The Olivia Tremor Control made the Giant Day noise, and then proceeded to make some more noise. But the follow-up noise was enough to fill a full-length album on Flydaddy Records. This concept record, Music from the Unrealized Film Script, Dusk at Cubist Castle, coincided with the ubiquitous message board discussion topic known as the Elephant 6 Collective. In Athens, Georgia, the OTC helped develop this artistic collective as one of its core bands before they disbanded after the release of their second LP. Now, their debut full-length, still as strong a record as it ever was, has been re-released as its original home (Flydaddy Records) folded after the band called it quits. Fortunately, every special moment has been preserved on this Cloud Recordings re-release, from the sleeve’s stunning artwork to its mind-blowing psychedelic symphonies.

The Olivia Tremor Control (and most of their E6 peers) called heavily on the psych-pop of the 1960s as they prepared the Dusk at Cubist Castle album. Even though they were far enough entrenched in the madness that surfaced on the Beach Boys’ Smile bootlegs and Pink Floyd’s The Piper at the Gates of Dawn LP, the OTC’s affection for the classic hooks of “Don’t Worry Baby” and “If I Needed Someone” sneak through on even the messiest of tracks here. Dusk is undeniably an ode to all that made 1967 so special, but the band is too headstrong in its own direction to be simply pushed aside as a replica of British and California psychedelia.

Dusk at Cubist Castle‘s creative examples of songcraft come not from leaders Bill Doss and Will Hart’s love for the Byrds, but rather the blend of their interest in pop’s most decadent era and their childlike investigation of what dreams are made of. Their fixation on nocturnal thought processes emerges here in Dusk‘s dream-heavy lyrics, not to mention in the slew of releases and projects following this one (see: Black Swan Network, Circulatory System).

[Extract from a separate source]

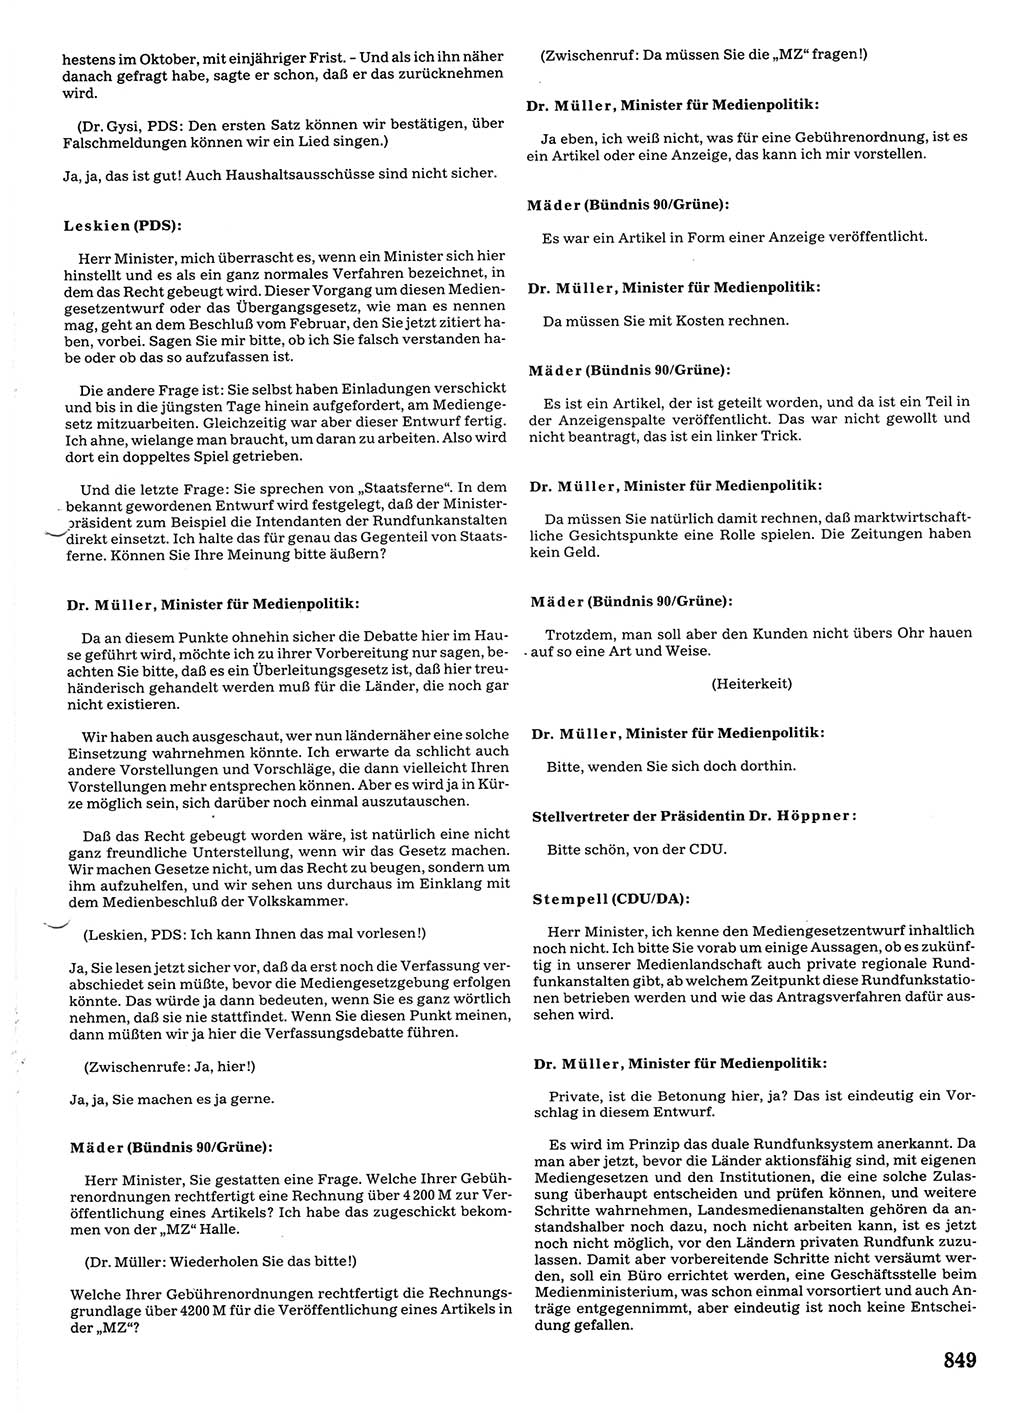 Tagungen der Volkskammer (VK) der Deutschen Demokratischen Republik (DDR), 10. Wahlperiode 1990, Seite 849 (VK. DDR 10. WP. 1990, Prot. Tg. 1-38, 5.4.-2.10.1990, S. 849)

This investigation of dreams underscores what has been deemed the neo-psychedelia that characterizes Dusk in its most obvious form, on “Define a Transparent Dream”.

The circling vocals on “Define” ponder what will have to be done to uncover what happens under the covers: “Feel the atmosphere breathe with life / Model portrait heads of Gertrude Stein / Define a transparent dream”. While the seeds for this sort of hypothetical forging were planted by the Electric Prunes some time ago, it takes a latent and somewhat challenging form toward the end of Dusk as an experimental collage called “Green Typewriters” soaks up a whopping nine tracks. This doesn’t just become an atmospheric mess, however. The soundscapes in “Typewriters” are cleverly interspersed with bits and pieces of Beatlesque structured pop, rescuing it from boring self-indulgence.

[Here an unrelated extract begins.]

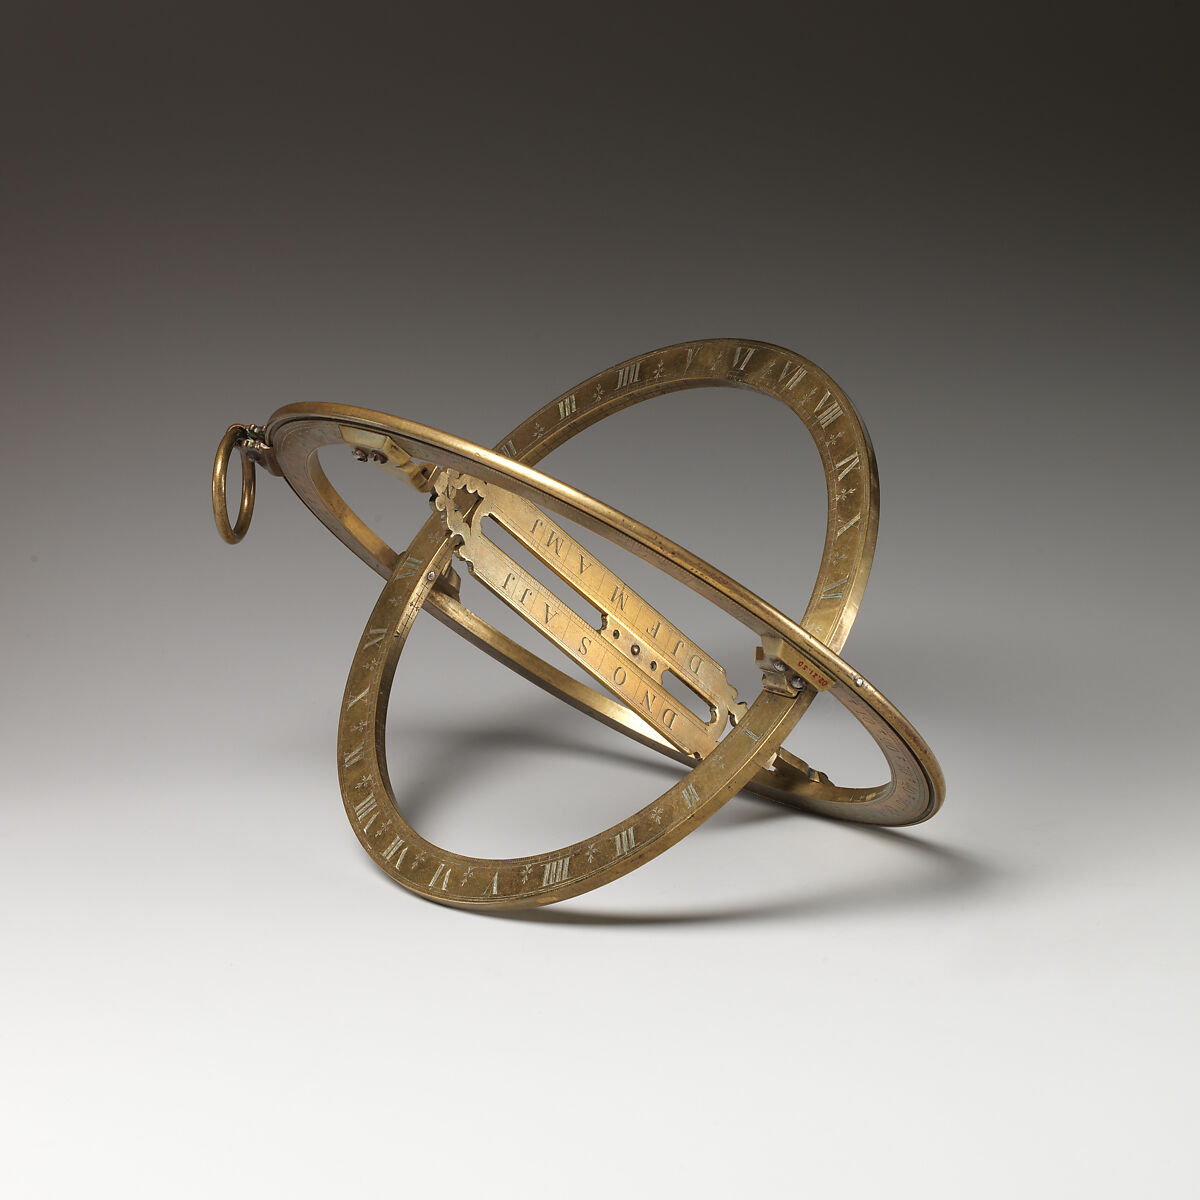 Universal ring sundial, William Collier  British, Brass, British, London

The band effectively steers clear of self-indulgence for the record’s entirety. This may have been a feat of monstrous proportions perhaps because of the OTC’s ever-present eagerness to completely displace the listener. Attempts at disrupting the psyche are made with the spacious droning blurs in the aforementioned “Typewriters” and in the lighter, breezy sway of “N.Y.C. -25”. This, the album’s closer, works as a chipper counterpart to “The Silvery Light of a Dream” on the Apples’ Tone Soul Evolution, simply because “NYC” is just long enough, trailing out into unfinished disorientation.

The Olivia Tremor Control manage to completely pull off the lost classic sound that they’d been associated with on Dusk at Cubist Castle. By adhering to the strict and completely bizarre ritual of searching out new sounds via experimenting with four-track recorders and trying to interpret fragments of song ideas, the band recalls some of pop’s finest elements while offering a great deal of new ones. The ideas conveyed here complement fittingly the lush artwork drawn for the record by its two founders in that the unique sonic compositions can be seen as a single, simultaneous tribute to both Salvador Dali and Syd Barret. Dusk‘s re-release is imperative, both to remind admirers of the album’s once-shelved treasures, as well as to delight newcomers with its weird music box of secrets.